129 fresh water line

130 first conveyor belt

132 second conveyor belt

200 second production module

210 first submodule

212 first processing unit

214 tool change system

214 first linear axis

220 second sub-module

222 second processing unit

224 second linear axis

230 third submodule

232 rotating table

234 linear stage

300 third production module

302 charging unit

304 second metering unit

400 peripheral module

402 external rotating table

Claims

1. A production system (1) for an additive manufactured component, preferably a concrete component, in particular for performing a jetting method, preferably a jetting concrete method, for an additive manufactured component, preferably a concrete component, the production system comprising:

-a first production module with a mixing unit (106) for producing a composite material, preferably concrete, in particular by mixing a first material component, preferably a first concrete component, and a second material component, preferably a second concrete component; and

-a second production module (200) with a first processing unit (212) for additive manufacturing of a component by means of composite material, preferably a concrete component by means of concrete, in particular for manufacturing a shotcrete component, preferably a shotcrete component,

-wherein the first production module (100) and the second production module (200) are coupled by means of a transport unit (112).

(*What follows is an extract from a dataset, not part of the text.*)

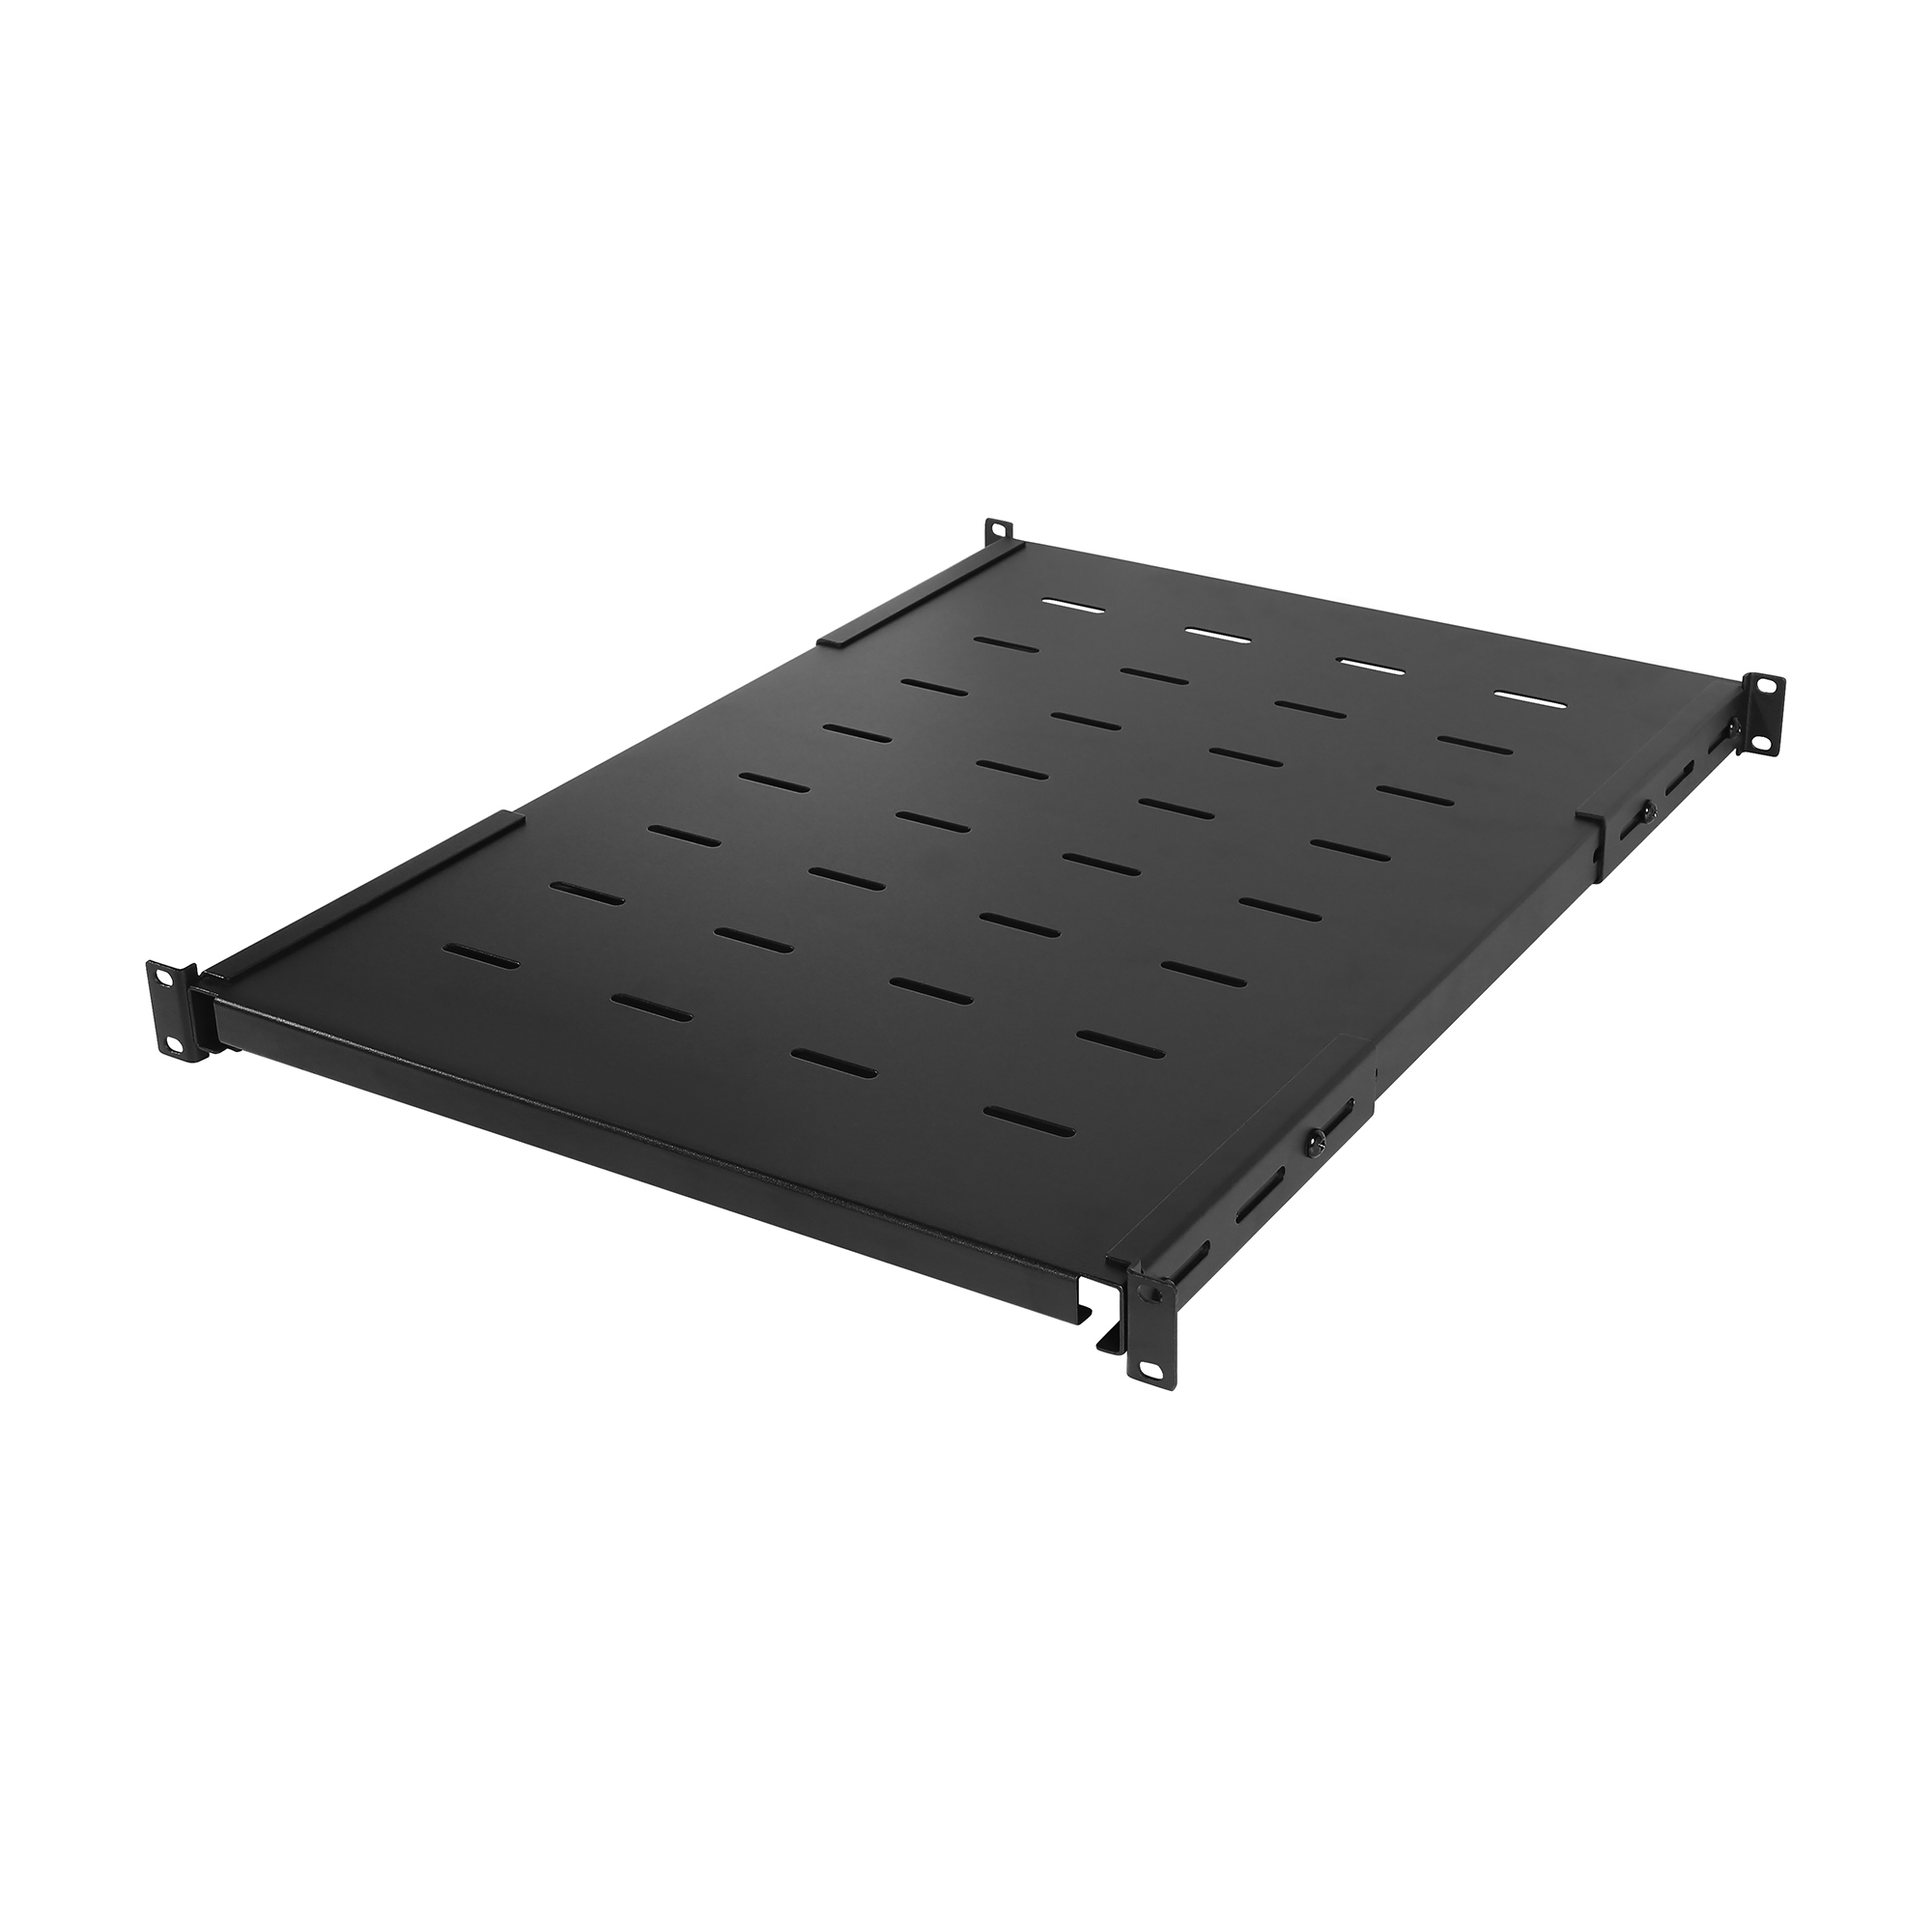 CRA50005 - Carbon™ Rack Shelves - Product Details, Specs

2. Production system (1) according to claim 1, wherein

-the first production module (100) and the second production module (200) are constructed separately from each other, and

-in particular, the first production module (100) and the second production module (200) are configured to be transportable and/or erectable separately from each other.

3. Production system (1) according to one of the preceding claims,

wherein the first production module (100) has a supply unit (102, 104) for providing the first material component, preferably the first concrete component, and/or the second material component, preferably the second concrete component, wherein preferably the supply unit (102, 104) has a first supply module (102) for providing the first material component and a second supply module (104) for providing the second material component.

4. Production system (1) according to any one of the preceding claims, wherein the first production module (100)

-comprising a pump unit (110), wherein preferably a vibration unit is arranged between the mixing unit (106) and the pump unit (110), and/or the pump unit has the vibration unit or a vibration unit, and/or

-a washing facility (114) for automatically washing, in particular, the mixing unit (106), the pump unit (110), the application unit and/or the auxiliary aggregate, wherein the cleaning facility (114) preferably has a fluid pump (122) for conveying away a cleaning fluid, and preferably the cleaning facility is configured to be supplied with and/or purify water.

5. Production system (1) according to any one of the preceding claims, wherein

-the first production module (100) has a first metering and/or weighing unit which is set up to set a component-specific mixing ratio between the first material component and the second material component.

6. Production system (1) according to any one of the preceding claims, wherein

-the second production module (200) has a second processing unit (222) for performing auxiliary processes, in particular for reprocessing the composite material, for inserting reinforcing elements and/or for inserting component assemblies and/or for integrating assemblies for ensuring component transport.

7. Production system (1) according to one of the preceding claims,

wherein the second production module (200)

-comprising a rotating table (232) for rotating said member, and/or

-a first tool changing system (214) for changing tools used by the first processing unit (212) and/or the second processing unit (222).

8. Production system (1) according to one of the preceding claims,

wherein the first processing unit (212) and/or the second processing unit (222) are arranged in a position-flexible manner, wherein preferably the first processing unit (212) and/or the second processing unit (222) are arranged on a linear axis (224).

9. Production system (1) according to one of the preceding claims,

wherein the second production module (200) has at least two, preferably three, individual sub-modules, wherein

-a first sub-module (210) having the first processing unit (212), and/or

-a second sub-module (220) having the second processing unit (222), and/or

-a third submodule (230) having said rotating table (232),

-wherein at least two of the sub-modules are configured to be transportable separately from each other.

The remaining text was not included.